Двадцать седьмого ноября 1786 года, на чужой лошади, Бернс уезжает в «Северные Афины» — Эдинбург.
III
Многие современники Бернса писали о том, как в самых изысканных салонах Эдинбурга появился красивый, высокий, чуть сутулый человек, элегантно, но просто одетый, с ненапудренной головой и прекрасными черными глазами. Все уже были наслышаны о «поэте-пахаре», «самородке», о «богом данном таланте»…
Но никто не ожидал встретить человека такой высокой культуры, такой свободной, достойной, вполне светской манеры держаться. Законодательница мод, прекрасная герцогиня Гордэн приказала Каледонскому охотничьему клубу устроить бал в честь поэта. Весь вечер она танцевала с ним, удивляясь его остроумной и учтивой речи, а уходя, громко сказала: «Ваш пахарь совсем вскружил мне голову!»
Судьба Роберта была решена: ученые и писатели, поэты и философы, которыми славился Эдинбург, стали наперебой приглашать его к себе.
На торжественной ассамблее шотландской масонской ложи Великий магистр торжественно провозгласил здравицу «За Каледонию и барда Каледонии — брата Бернса!», и, подхватив этот возглас, все члены ложи стали приветствовать поэта.

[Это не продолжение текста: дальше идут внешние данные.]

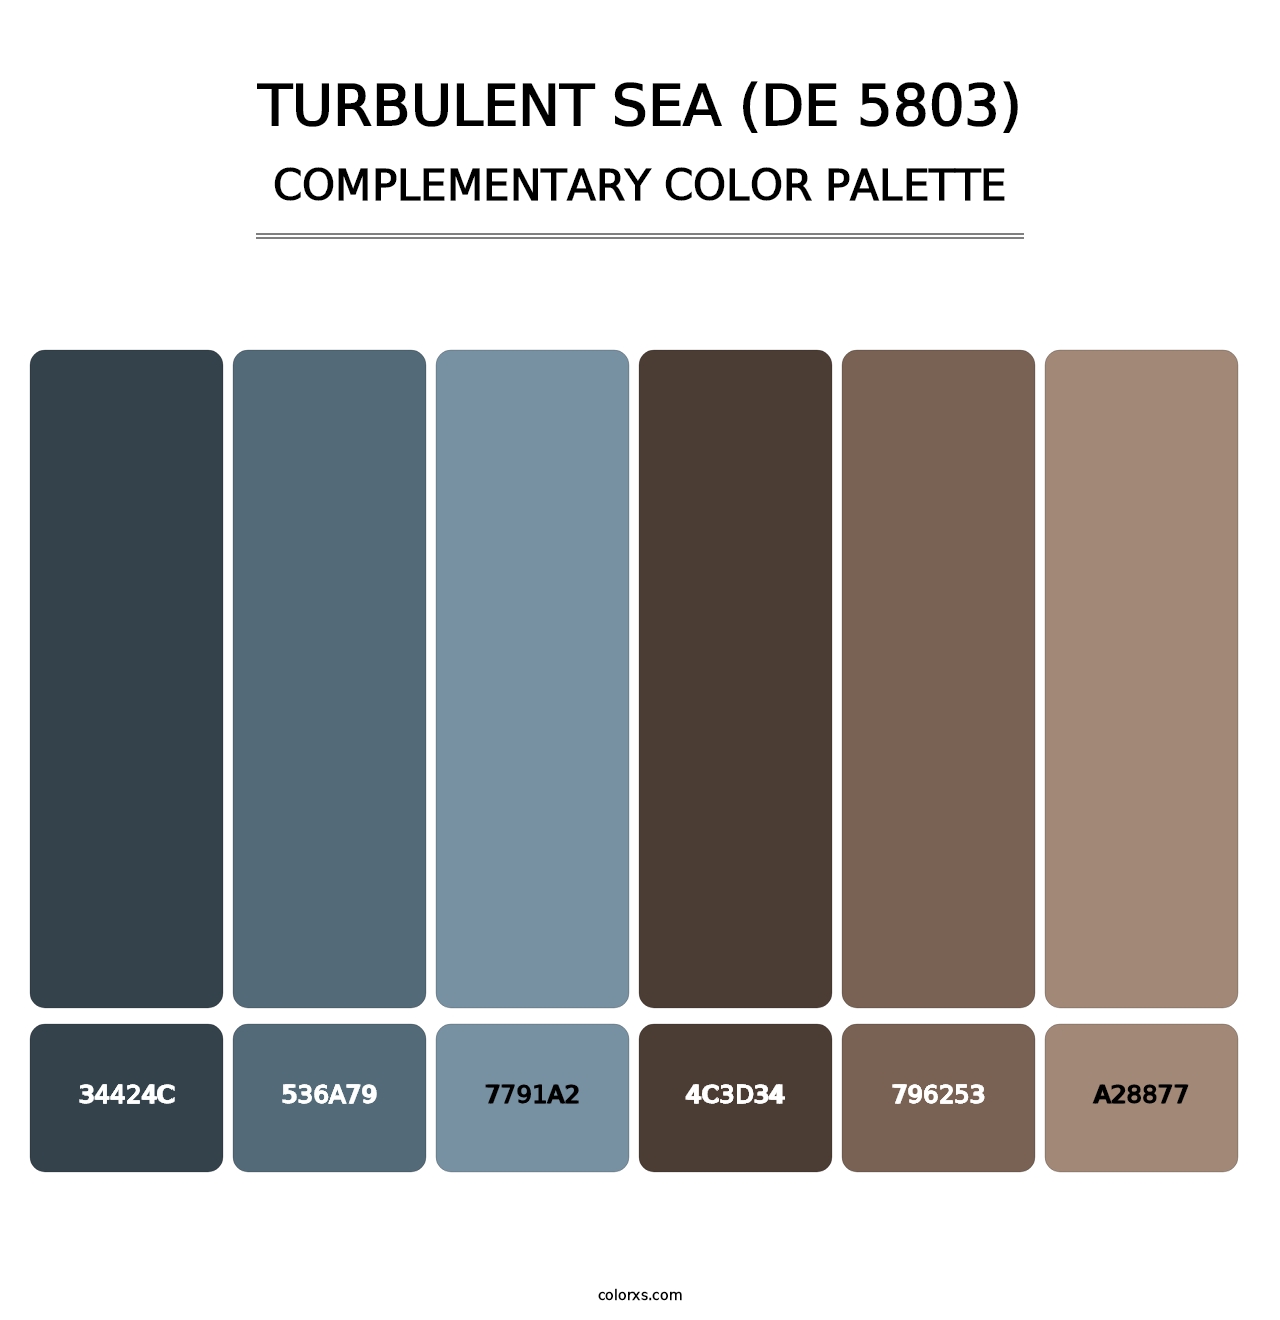 Turbulent Sea (DE 5803) - Complementary Color Palette
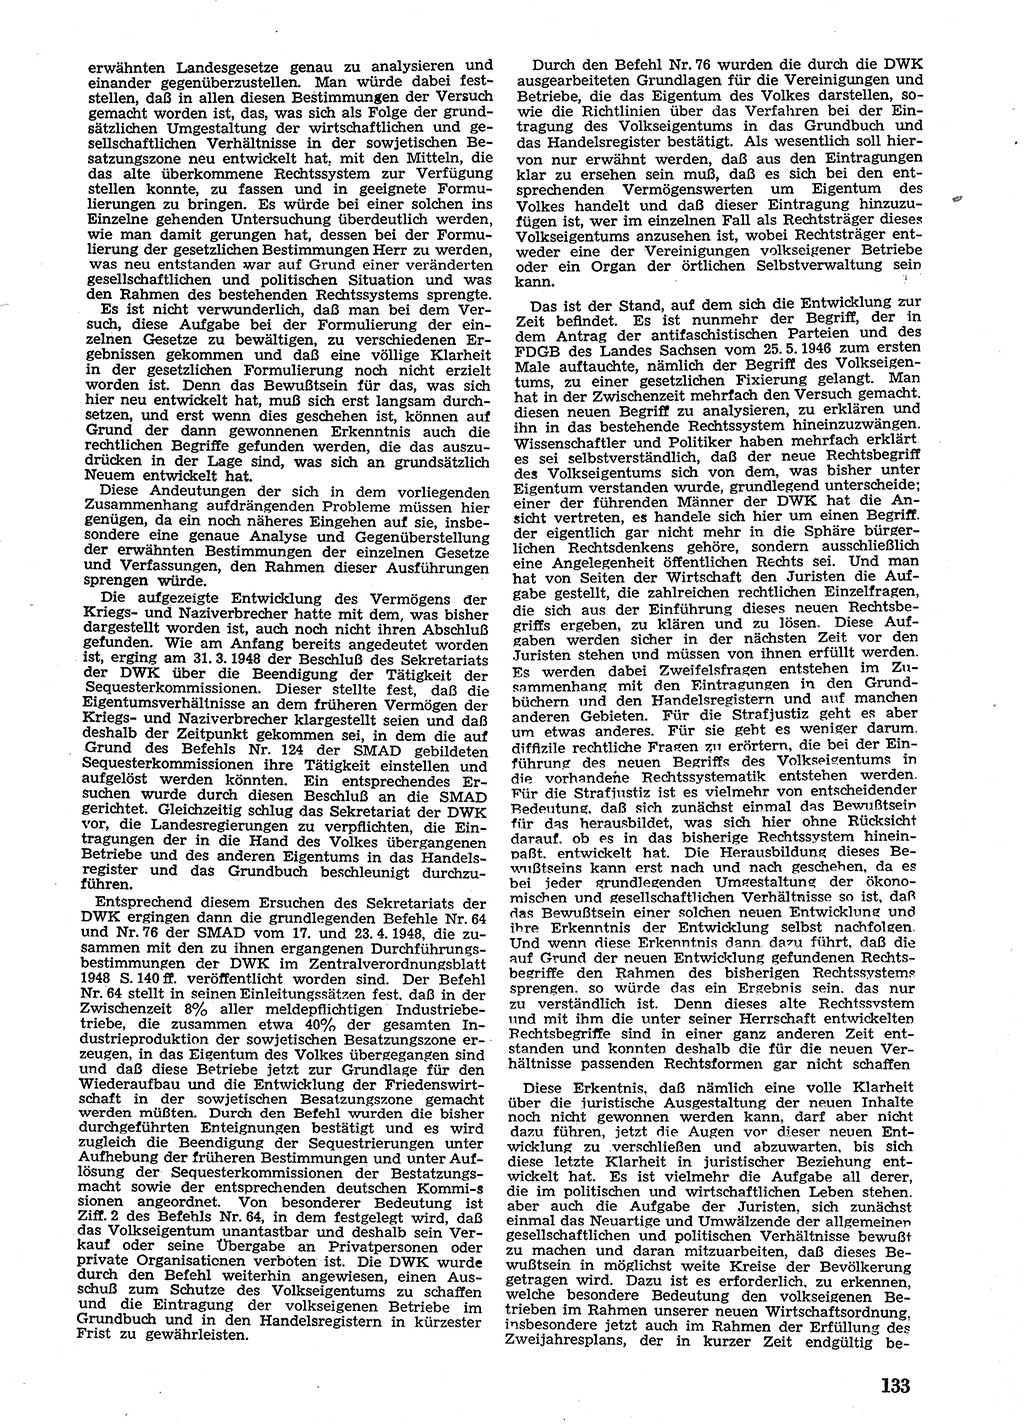 Neue Justiz (NJ), Zeitschrift für Recht und Rechtswissenschaft [Sowjetische Besatzungszone (SBZ) Deutschland], 2. Jahrgang 1948, Seite 133 (NJ SBZ Dtl. 1948, S. 133)

Каледонский охотничий клуб постановил: все без исключения члены Клуба должны подписаться на сочинения Бернса и содействовать тому, чтобы его стихи были выпущены в двух томах в лучшей типографии Эдинбурга.
До того как вышло это собрание, Бернс почти каждый вечер читал свои стихи в обществе.
Всех восхищало чтение, его чуть глуховатый голос, непринужденные манеры. Его облик покорил и того юношу, которому через несколько лет суждено было стать гордостью мировой литературы.
Пусть об этом расскажет он сам, тогда пятнадцатилетний сын эдинбургского адвоката, а впоследствии великий романист Вальтер Скотт.
«Вы спрашиваете о Бернсе, — писал он своему биографу и биографу Бернса, Джону Гибсону Локхарту, — тут я могу искренне сказать: Vidi Vergilium[1]. Мне было всего пятнадцать лет в 1786–1787 году, когда он впервые появился в Эдинбурге, но я хорошо понимал и чувствовал, какой огромный интерес представляют его стихи, и готов был отдать все на свете, чтобы с ним познакомиться.
Я увидел его у известного ученого, где собралось много знаменитостей… Разумеется, мы, молодежь, молча смотрели и слушали. Особенно меня тогда поразило то впечатление, которое на Бернса произвела гравюра Бенбери, где был изображен мертвый солдат на снегу и рядом с ним — с одной стороны — его несчастный пес, с другой — его вдова с ребенком на руках. Под гравюрой были написаны стихи, кончавшиеся так:
«Дитя несчастия, крещенное в слезах…»
…Бернс спросил, чьи это стихи, и случайно никто, кроме меня, не вспомнил, что это строки из полузабытой поэмы Ленгхорна под малообещающим заглавием «Мировой судья». Я шепнул это одному из знакомых, и он тотчас передал мои слова Бернсу, наградившему меня взглядом и словами, которые хотя и выражали простую вежливость, но и тогда доставили мне чрезвычайную радость и теперь вспоминаются с удовольствием.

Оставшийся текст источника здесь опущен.